Beyond the films and art pieces that Burns created, he was obsessed with Rondo Hatton, a man who turned his acromegaly into three films for Universal before dying way too young. The disease caused Rondo's face, hands and feet to grow monstrously larger than the rest of his body, which caused him to hide from the world until his second wife Mae gave him the support that he needed.
The image of The Creeper, Hatton's horror film character, would become a symbol of Burns' lifelong belief in his inner ugliness. It's this idea that director and writer Joe O'Connell (Danger God) explores in this combination documentary and narrative film on two lives.

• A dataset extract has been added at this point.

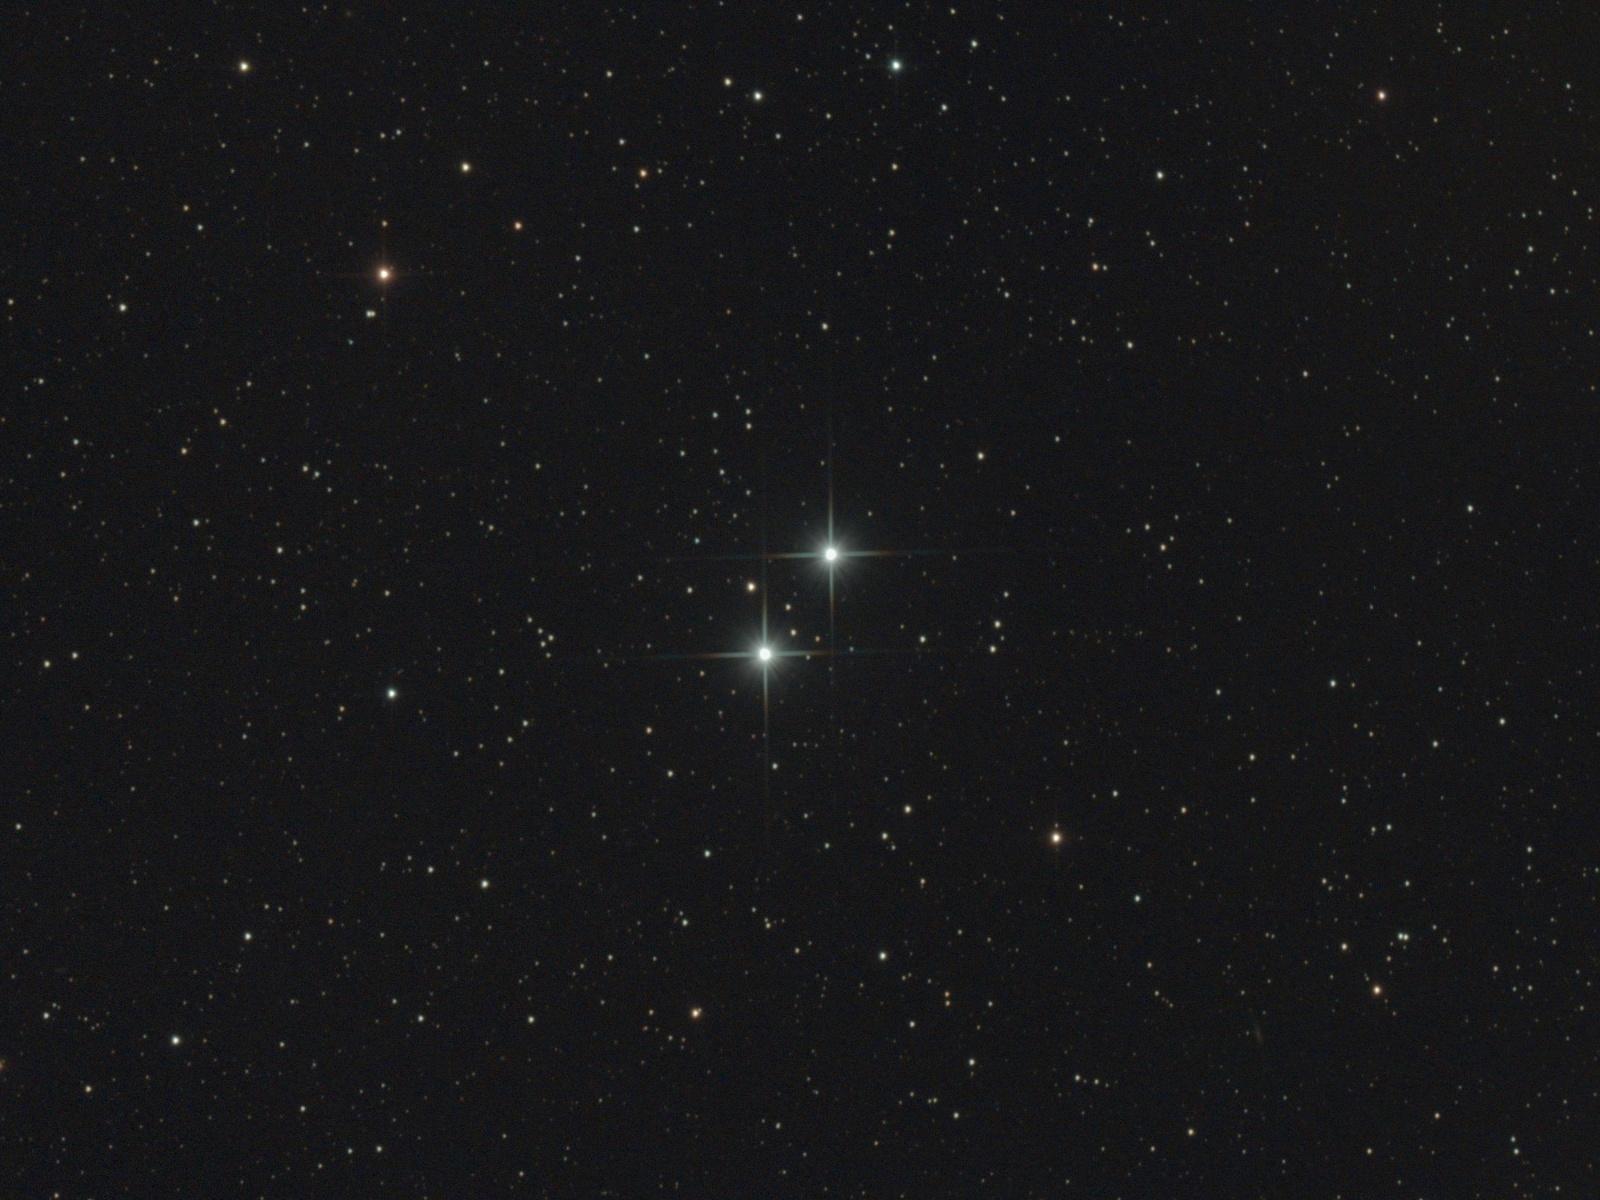 Epsilon_Lyr_crop_2800_2100_resize_1600.jpg.2eacfda1a8a727495c628fba2d6f5a71.jpg
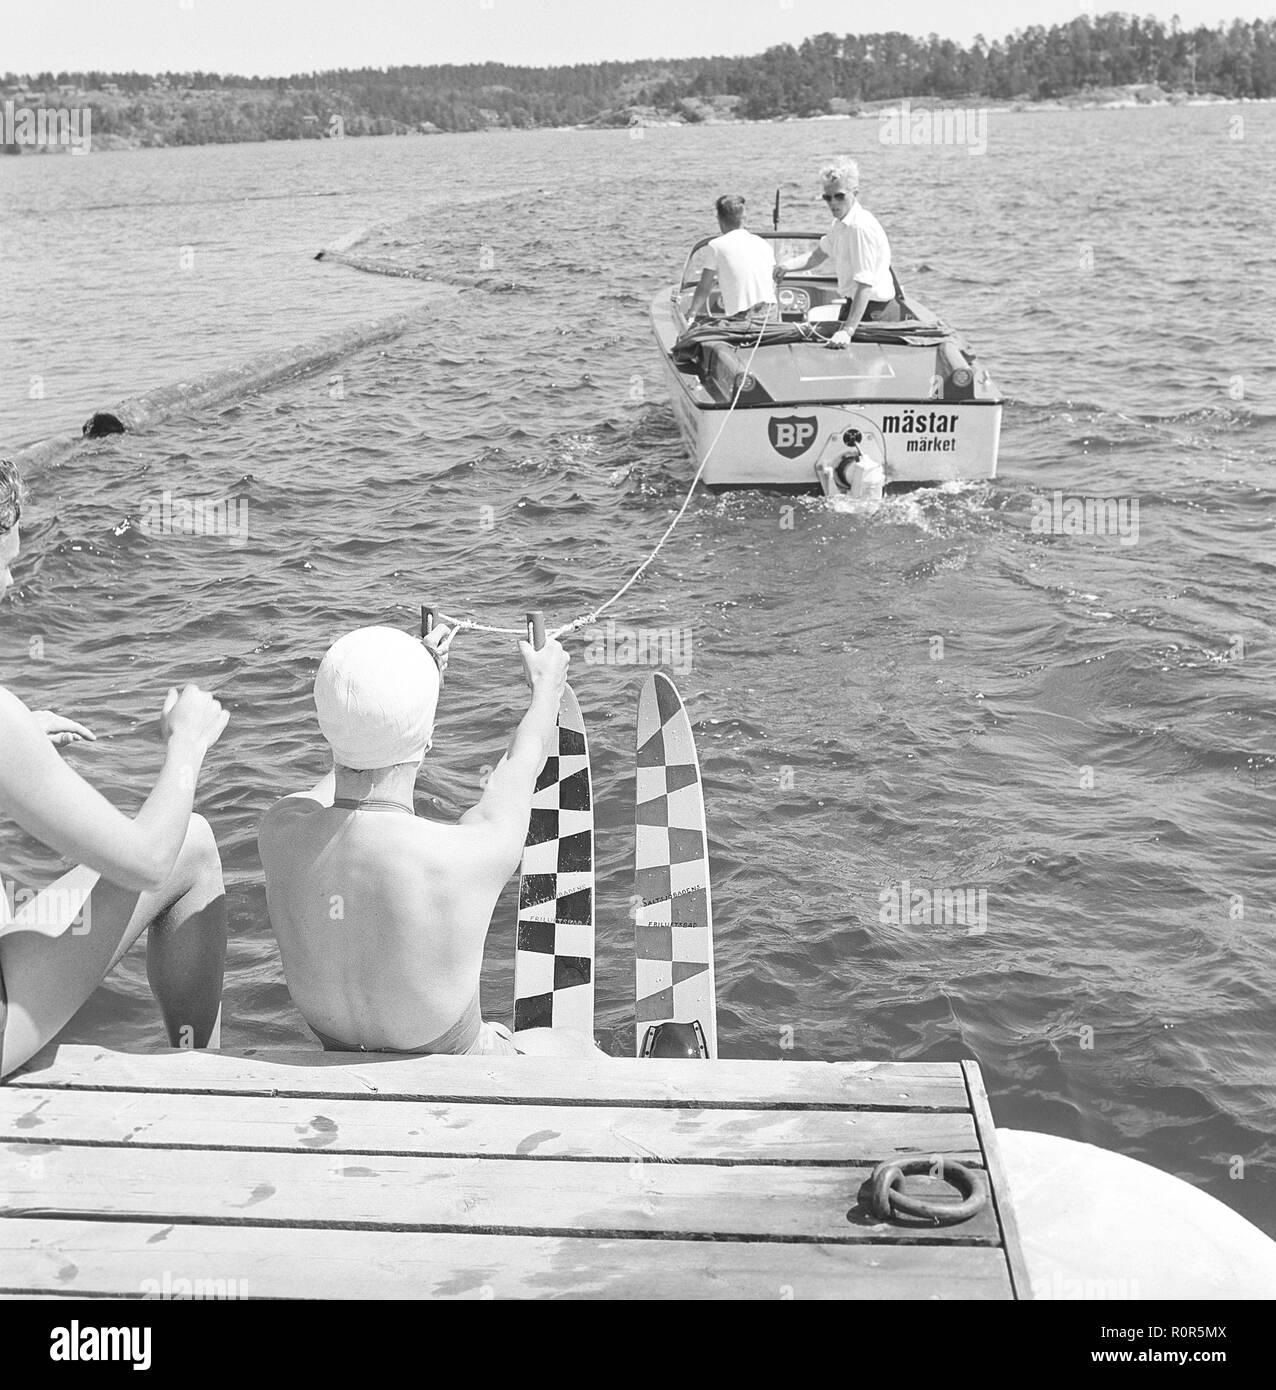 dc7bfb151ab Le ski nautique dans les années 60. Une jeune femme va le ski nautique.

With appearances by Fred Olen Ray, Daniel Pearl, Edwin Neal, Joe Bob Briggs, Stuart Gordon, Dee Wallace and more, the film also steps away from being a straight documentary to dramatize the life of Hatton (Joseph Middleton) and Mae (Kelsey Pribilski). She later meets Burns (Ryan Williams), who we see meet Tobe Hooper, become friends with Gunnar Hansen and be on the front lines of the day Charles Whitman opened fire on the University of Texas.
This is a messy movie that doesn't always perfectly work, but that's actually to its benefit. It's like drinking at a party and someone trying to explain just how amazing their friend was, why you would have loved them and all the wild, strange, dumb and sad things that their friend did. And now their friend is gone and you can only experience them through the art and tall tales that they left behind.
And yes, the Deep Throat pinball machine shows up.